Responsibilities
The team is responsible for infrastructure systems, including Storage/Computing/DB. We aim to be the leading SRE team across the industry. In the SRE team, you will have the opportunity to manage the complex challenges of scale, while using expertise in coding, algorithms, complexity analysis, and large-scale system design. We embrace a culture of diversity, intellectual curiosity, openness, and problem-solving.
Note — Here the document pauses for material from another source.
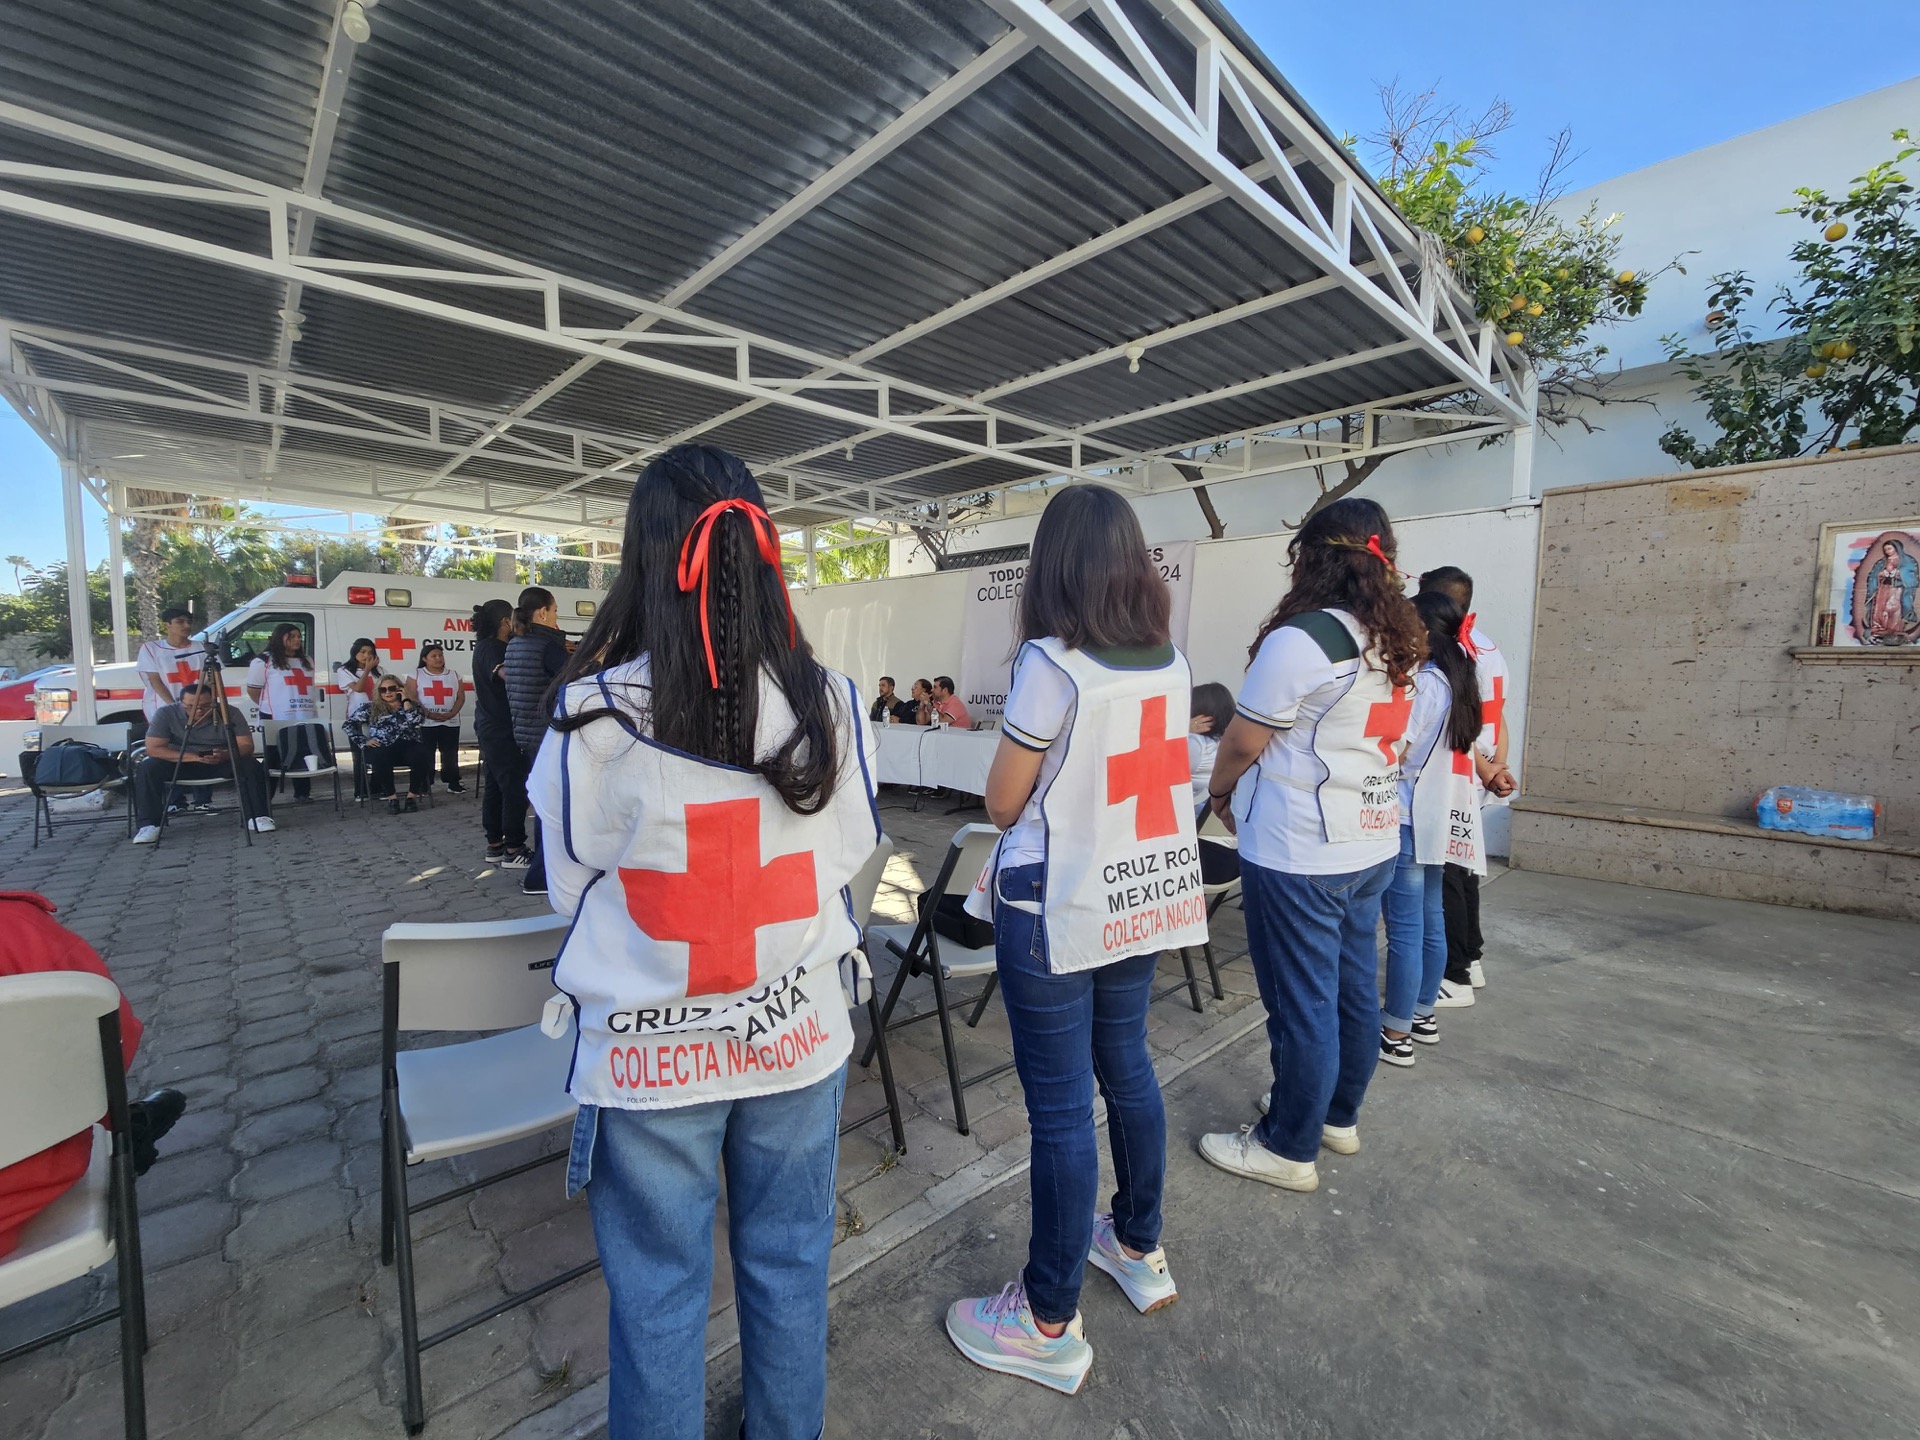 Arranca Colecta Anual de Cruz Roja Mexicana en Los Cabos; recaudar 3 mdp para compra de ambulancias, la meta

We also encourage ownership, self-governance and independence to work on various projects, and an environment that provides the support and mentorship needed to learn and grow as an engineer.
What you will be doing:
1. Reliability: Ensuring the reliability and efficiency of our core infrastructure, focusing on system capacity and stability; setting up reliability standards and recovery SOP.
2. Reliability: Troubleshooting and locating the technical issues, bottleneck analysis, managing system high availability architecture transformation and upgrading.
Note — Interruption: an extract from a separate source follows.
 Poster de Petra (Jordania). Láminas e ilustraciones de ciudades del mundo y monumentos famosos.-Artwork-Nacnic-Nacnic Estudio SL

3. Efficiency: Building automated operation solutions for large-scale systems; partnering with system development teams for system iteration.
4. Efficiency: Designing and implementing software platforms and monitoring frameworks for efficient, automated, and intelligent service-oriented architecture (SOA) governance.
5. Cost: There are millions of CPUs. We should build delivery standards, and monitor and budget systems to optimize the cost of the company.
6. Compliance: Designing and setting up new IDC; designing and implementing data protection plan to meet the standard requirement.
Qualifications
Minimum Qualifications:
- Bachelor's / Master's Degree in Computer Science or related major, with at least 5 years of relevant experience;
- Solid basic knowledge of computer software, understanding of Linux operating system, storage, network IO and other related principles.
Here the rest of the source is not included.